Но он подавил свой внутренний голос, и его губы тронуло подобие улыбки. Ни одна женщина не убежит от того, кто ей безразличен. О нет! Только сомнения побуждают к этому. «Ах, Морайя, маленькая глупышка, – размышлял Роан. – Позвольте мне доказать вам мою любовь, и я научу вас верить. Но сначала я должен узнать, где вы. Проклятие! Где же вы?»

– Я здесь, Джастин, здесь! – прозвучал голос дяди, и виконт вскочил. «Господи, неужели я размышлял вслух?» Тяжелые дубовые двери открылись, и граф вошел в кабинет. – Ты, кажется, звал меня, не так ли? – спросил он, сверкнув глазами.

– Э-э… нет, дядя, не совсем. Но… это не имеет значения. Входите. Я… мне показалось… Вы появились так неожиданно.

Граф неторопливо подошел к Джастину:

– У самой двери я услышал твои слова: «Проклятие, где вы?» – и, кажется, догадываюсь, в чем дело. Я сейчас виделся с сыном, только что вернувшимся из Уикема.

– Да? – Роан насторожился, но взгляд дяди несколько успокоил его. – По-моему, Эндрю избегает меня, – заметил он, наливая графу бренди.

– Не сомневаюсь, он ведь знает, как мы с тобой относимся к его… э-э… интересу к Тэсс Лэндон, – усаживаясь, ответил граф.

– Она слишком молода. – Роан протянул дяде бокал и опустился в кресло.

– Я хорошо понимаю это, Джастин. Но Эндрю вел себя более чем осмотрительно.

Виконт вздохнул.

– Ни один из нас не вправе бросить в него камень… согласен.

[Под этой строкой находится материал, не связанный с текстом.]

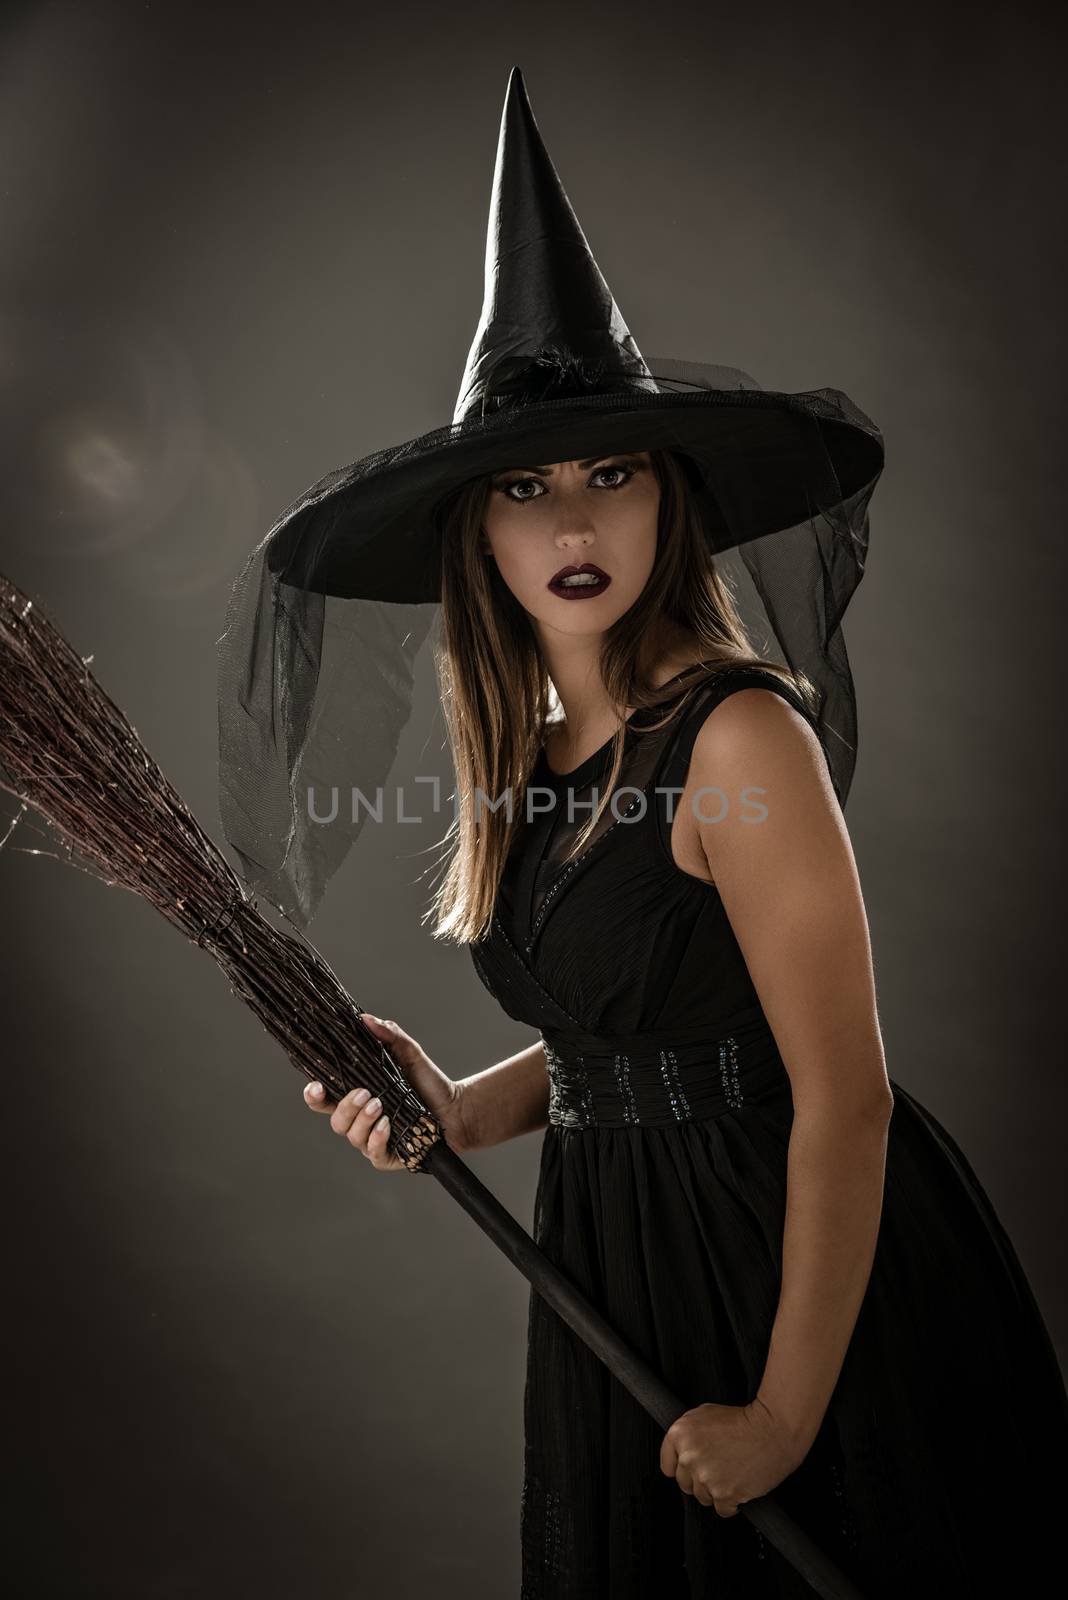 Young woman dressed like a witch. She is in dark clothing and holding a broom. Looking at camera.
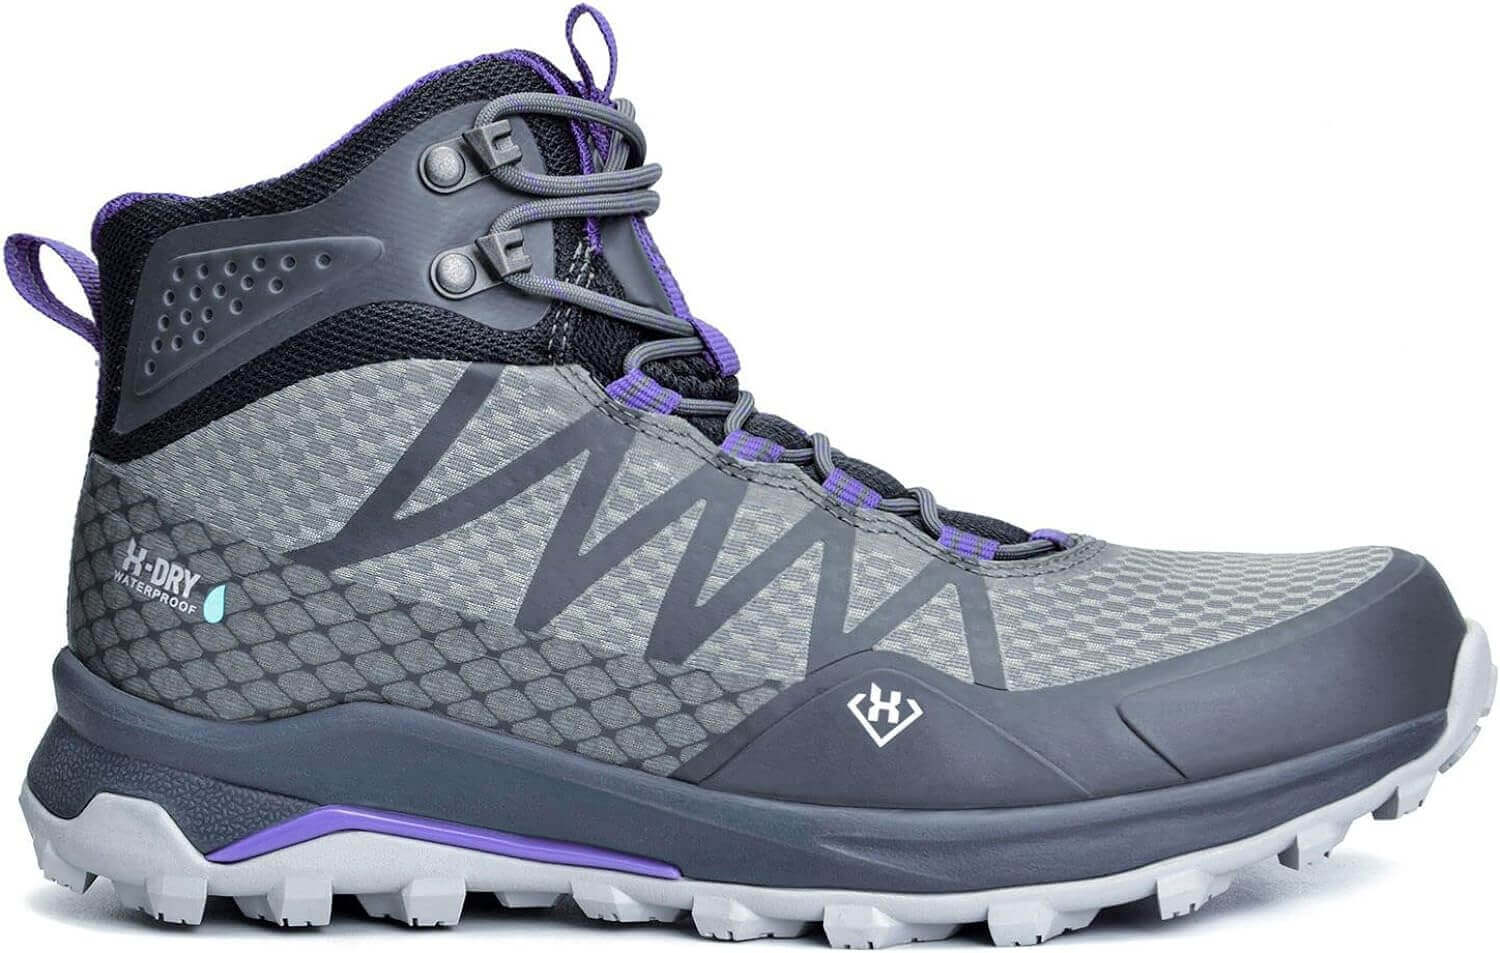 Shop The Latest >XPETI Women’s Fastrail II Speed Hiking Boots > *Only $80.99*> From The Top Brand > *XPETIl* > Shop Now and Get Free Shipping On Orders Over $45.00 >*Shop Earth Foot*

– Она его сразила, Джастин. Думаю, нам следует подождать развития событий. Что у тебя нового?

– Морайя уехала, дядя. – Роан вздохнул. – Бежала от меня.

– Я знаю. Уехала на север, так Тэсс сказала Эндрю.

– Вот как… Значит, Тэсс тоже поверила в это, – пробормотал Роан.

– Что ты имеешь в виду, Джастин? – осторожно спросил граф.

– Лишь то, что я ничуть не верю ни в то, что она покинула Хартфордшир, ни в то, что имела такое намерение, – ответил Роан и принялся излагать дяде свои доводы.

Тот не сразу ответил племяннику.

– Понятно. – Он не отрывал глаз от бокала. – Но тогда где, по-твоему, она?

– Не знаю. Я подумывал об ее приятельнице леди Эшфорд. Но здесь сейчас ее муж, и сомневаюсь, чтобы Морайя решилась бы беспокоить Сару именно теперь. Но возможно… – у Роана мелькнула внезапная догадка. – Да, возможно, она сообщила леди Эшфорд о том, где остановилась. Должна же она была кому-то об этом сказать. Может, мне следует…

– Джастин, – прервал его граф. – Выслушай совет человека, который старше тебя, хотя и немногим мудрее… Не лучше ли попытаться найти ее как-то иначе. То есть… не гони лошадей, Джастин! Говорят, разлука укрепляет любовь.

– Может, и так, дядя. Но в данном случае… я считаю, что разлука ожесточит ее сердце…

– Но ты же не можешь утверждать это, Джастин, ибо не видел ее сегодня и даже… не знаешь, где она.

– Конечно, но мне необходимо добиться, чтобы она поняла, почему я…

– Дай ей время, Джастин! Убежден, через несколько дней она вернется домой. А потом… возможно…

– Мне ее дьявольски не хватает, дядя, – прервал его Роан и, поставив на стол бокал, обхватил руками голову.

– Знаю, Джастин, и убежден: ей тоже не хватает тебя.

– О! – Роан поднял голову. – Знай вы все, дядя Джордж, у вас не было бы такого оптимизма.

Тут в кабинет вошел Эндрю и сообщил, что пропустил обед из-за Дуврской долины и теперь думает только о чудесах кулинарии.